DocBook xslTNG (progress report)

Volume 6, Issue 17; 28 Dec 2022

Will I be done by Christmas? No. By boxing day? Also no. New Year’s Day? Maybe.

Back in early November, I got a bug report. The underlying bug is that the xslTNG stylesheets get localization wrong for Chinese. What happened was, when I reworked things for the xslTNG stylesheets, I tried to remove some complexity around generated text.

By generated text, I mean the parts of titles (for example) that aren’t in your markup. If the fifth <chapter> element in your book begins:

<chapter xml:lang="en">
<title>The next big thing</title>

You might get “Chapter 5. The Next Big Idea” at the top of the page for that chapter and something similar, but perhaps not exactly the same, in the Table of Contents, and in cross references, etc.

The word “Chapter” and the number “5” are generated text. There are lots of other examples: titles, labels, list numbers, list separators, etc.

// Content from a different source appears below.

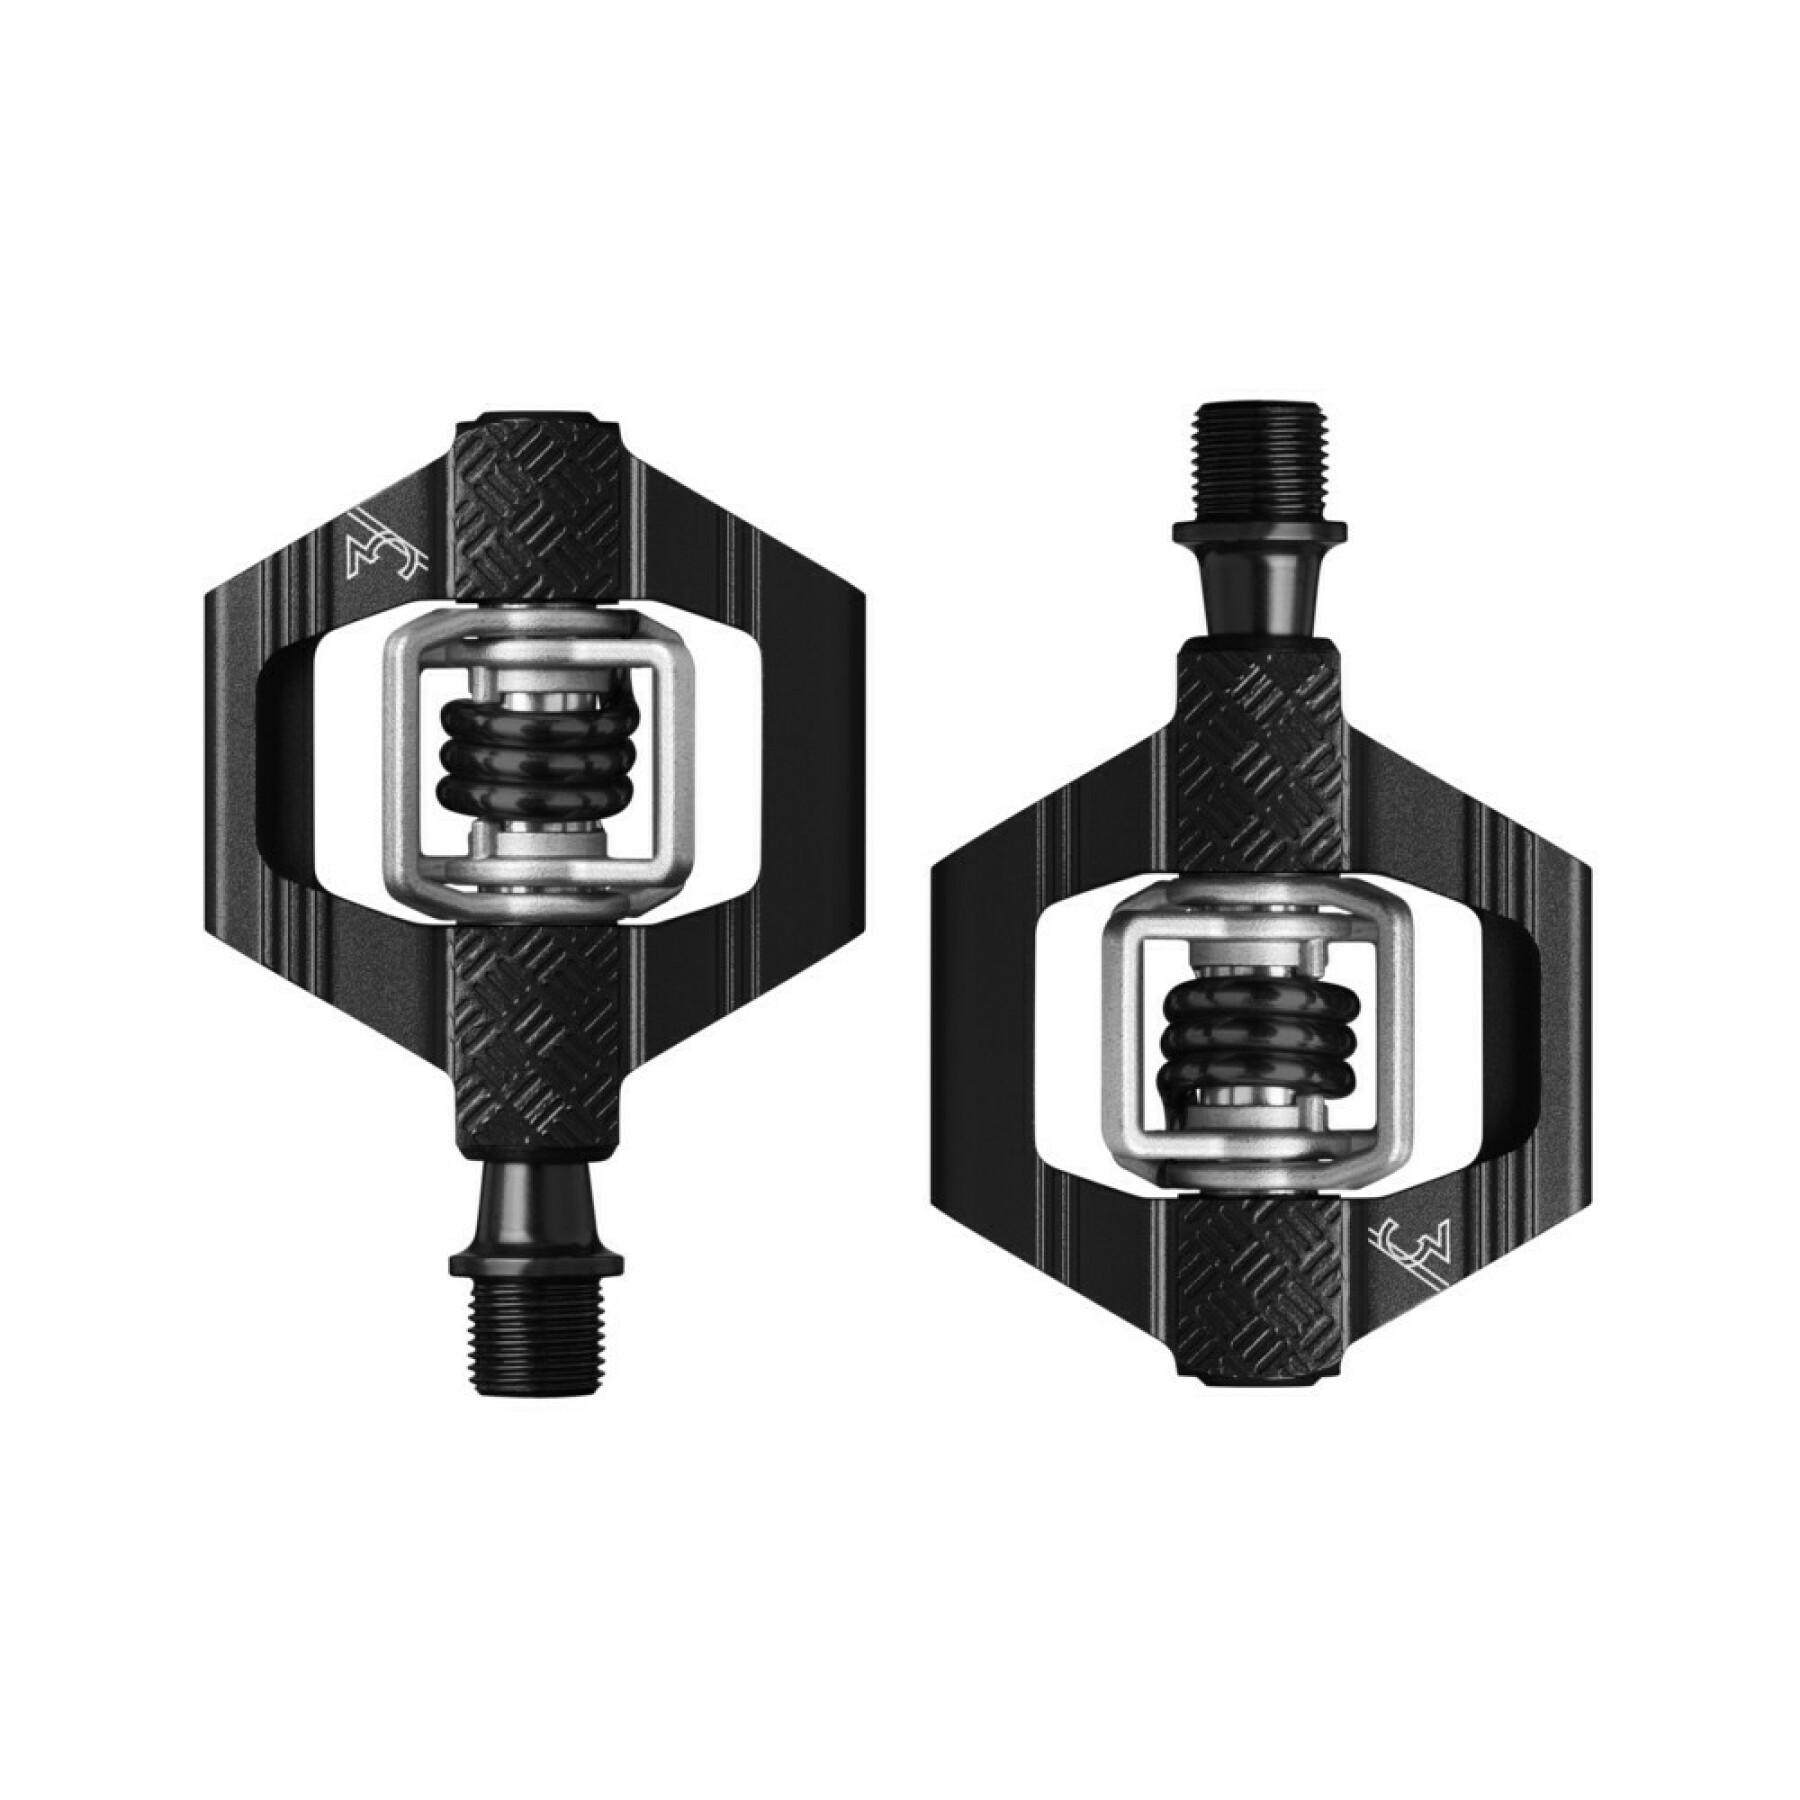 Pedals crankbrothers candy 2

In xslTNG, I tried to replace a complex system of templates with a model that decomposed the text that had to be generated into logical parts. Worked fine for English. Not so much for Chinese. And possibly not so much for other languages too. (I was, in retrospect, incredibly naive and short-sighted.)

I don’t consider myself competent to construct a logical model for generated text across all human languages, so I decided to give up and go back to having templates. That puts the power in the hands of the authors of localizations.

At this point, we have to ask: “could I make the xslTNG stylesheets use exactly the same localization data files as the previous generation of stylesheets?” Depending on how much work you want to make “could I” do, I suppose it might be possible, but I decided not to. The original data comes from the XSLT 1.0 stylesheets from a couple of decades ago. That’s not exactly the same as the data used by the XSLT 2.0 stylesheets from almost a decade ago. And the xslTNG stylesheets already have a completely different model.

At the same time, I’m hampered by the fact that I don’t know how to read or write Afrikaans, Albanian, Amharic, Arabic, Assamese, Asturian, Azerbaijani, Bangla, Basque, Bosnian, Bulgarian, Catalan, Chinese, Chinese (Taiwan), Chinese Simplified, Croatian, Czech, Danish, Dutch, Esperanto, Estonian, Finnish, French, Galician, Georgian, German, Greek, Gujarati, Hebrew, Hindi, Hungarian, Icelandic, Indian Bangla, Indonesian, Irish, Italian, Japanese, Kannada, Kirghiz, Korean, Latin, Latvian, Lithuanian, Low German, Malayalam, Marathi, Mongolian, Northern Sami, Norwegian Bokmål, Norwegian Nynorsk, Oriya, Polish, Portuguese, Portuguese (Brazil), Punjabi, Romanian, Russian, Serbian in Cyrillic script, Serbian in Latin script, Slovak, Slovenian, Spanish, Swedish, Tagalog, Tamil, Telugu, Thai, Turkish, Ukrainian, Urdu, Vietnamese, Welsh (well enough to count!), or Xhosa.

That means I need to stay somewhat close to the model that’s been demonstrated to work for DocBook in the past.

It’s slow going (and if I’m being perfectly honest, not especially fun), but I think I’m making progress. I got all the tests to pass, started writing the documentation, decided I needed to change something, and broke a bunch of tests. Lather. Rinse. Repeat.